§ Goal of the exercise
All of the listing below must be repeated word for word. Pictures are the only thing to omit.

§ Stored data
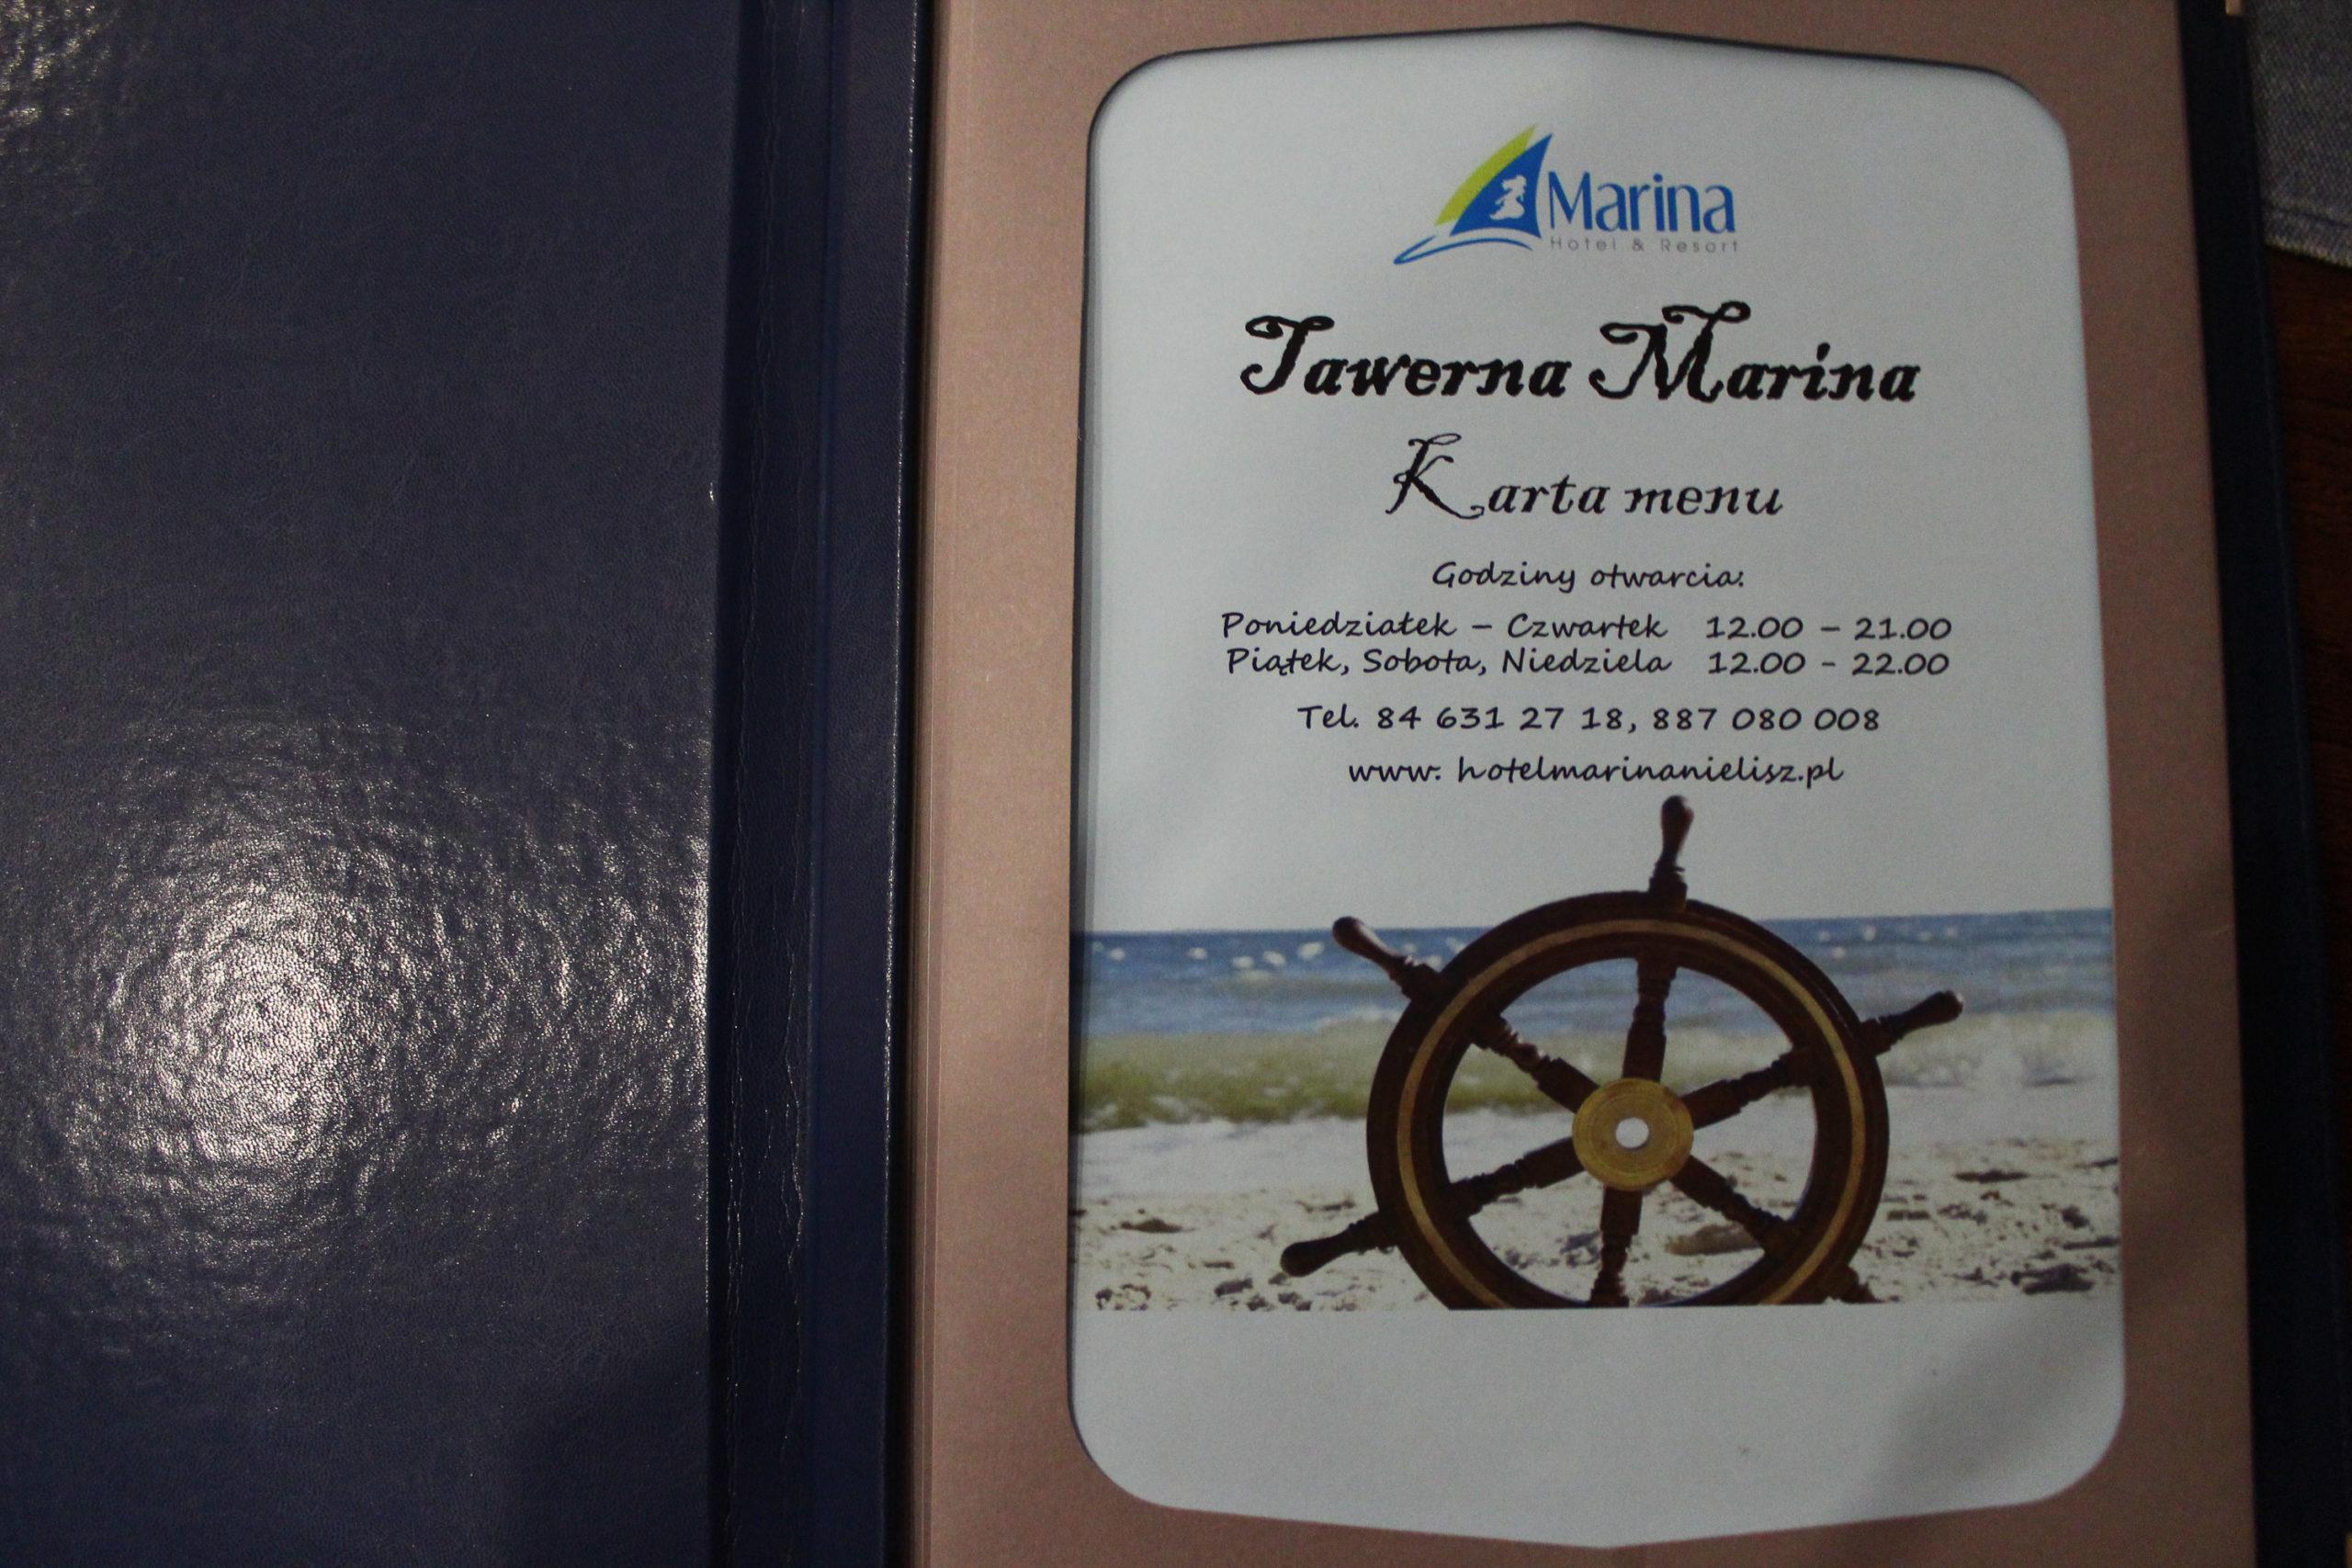 Tawerna Marina karta Menu
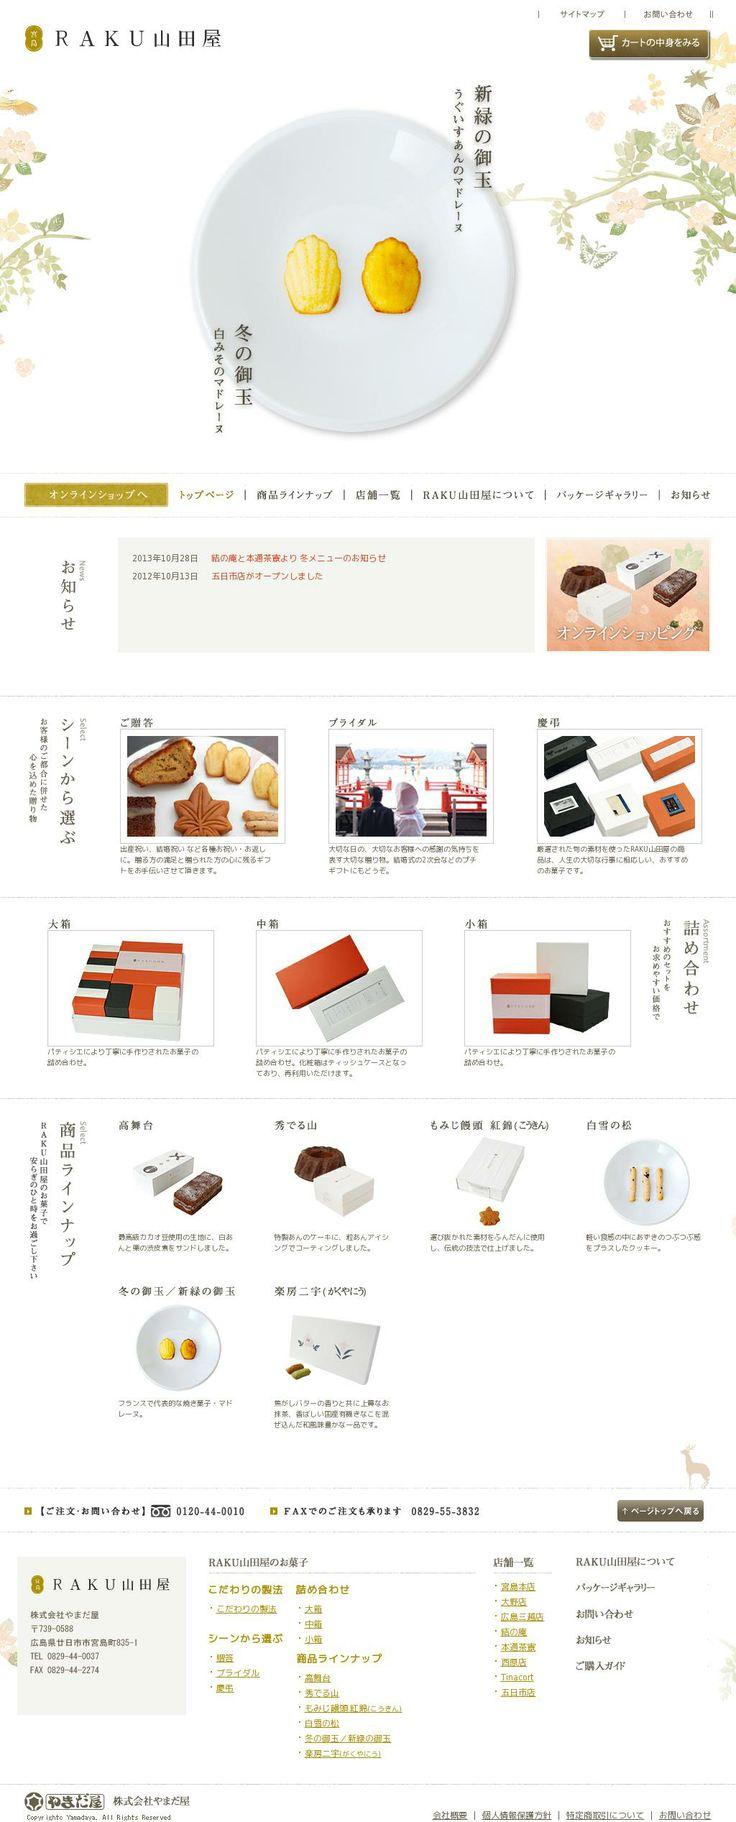 The website 'http://www.raku-yamadaya.jp/' courtesy of @Pinstamatic (http://pinstamatic.com)
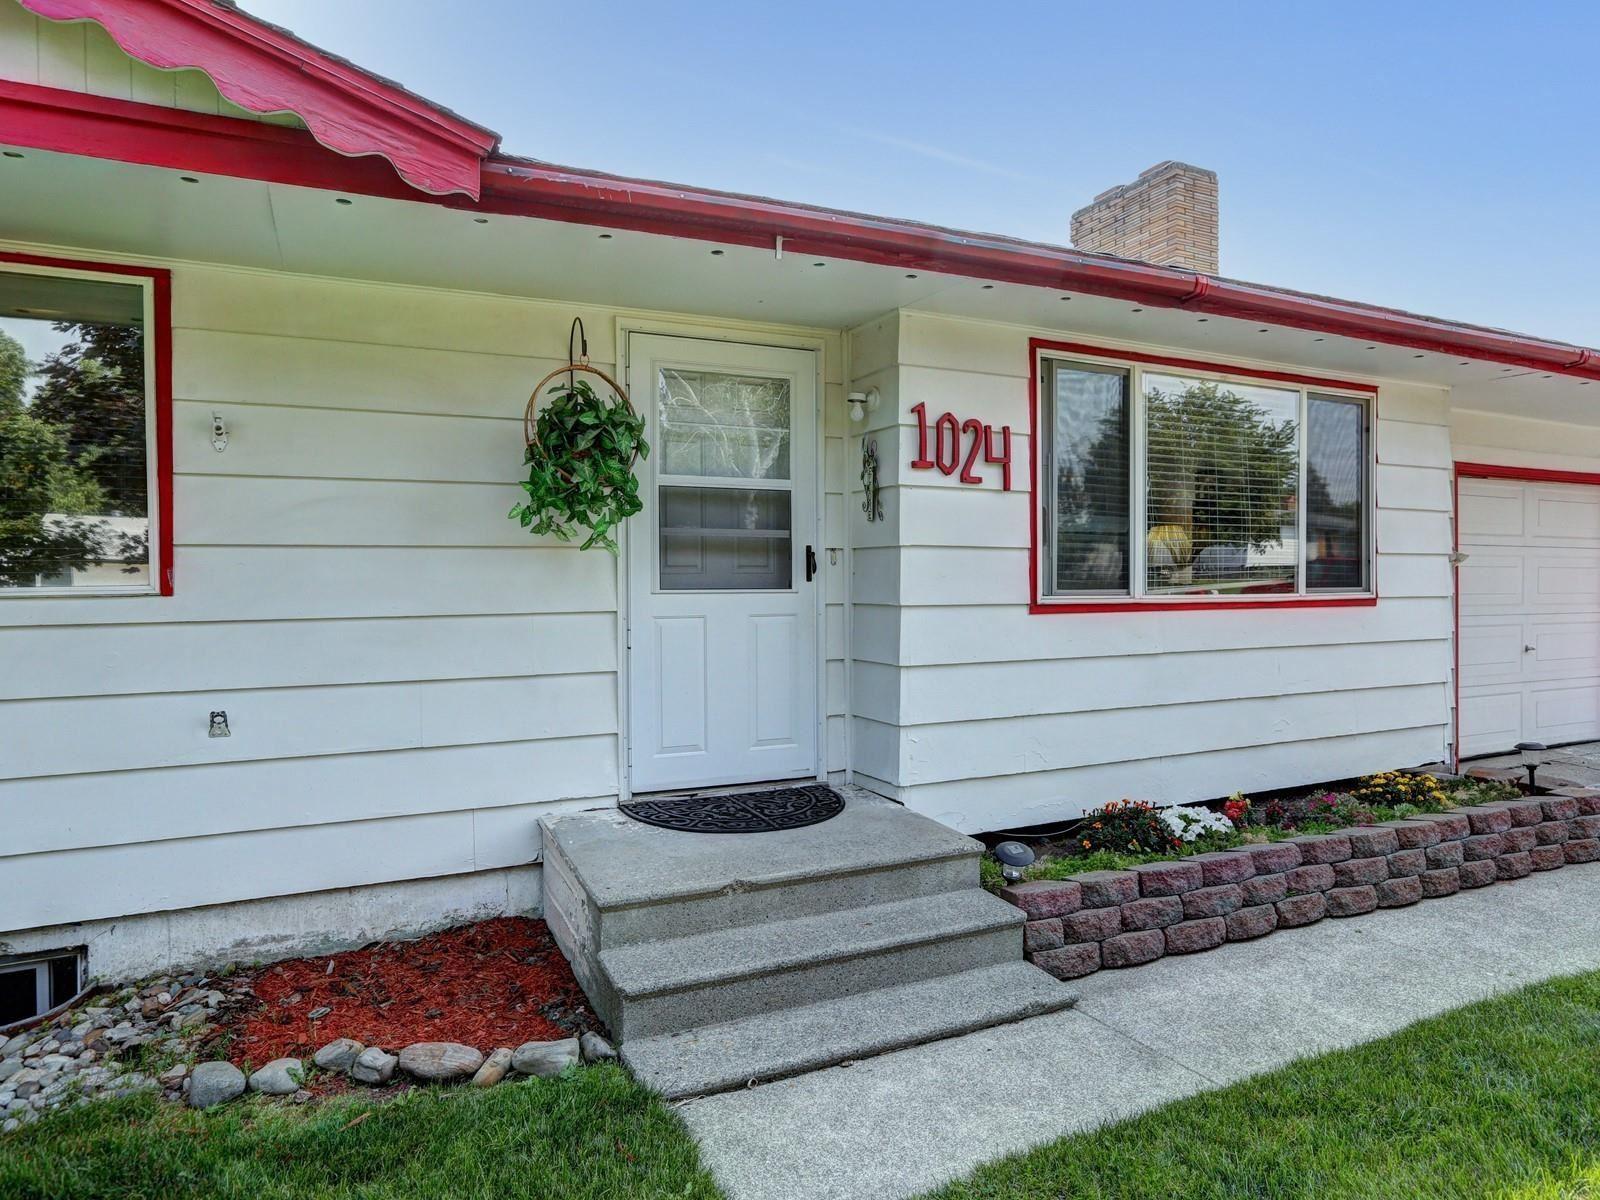 1024 N St. Charles Rd, Spokane Valley, WA 99037 - #: 202119913

§ Output below
 Tawerna Marina karta Menu
 The website 'http://www.raku-yamadaya.jp/' courtesy of @Pinstamatic (http://pinstamatic.com)
 1024 N St. Charles Rd, Spokane Valley, WA 99037 - #: 202119913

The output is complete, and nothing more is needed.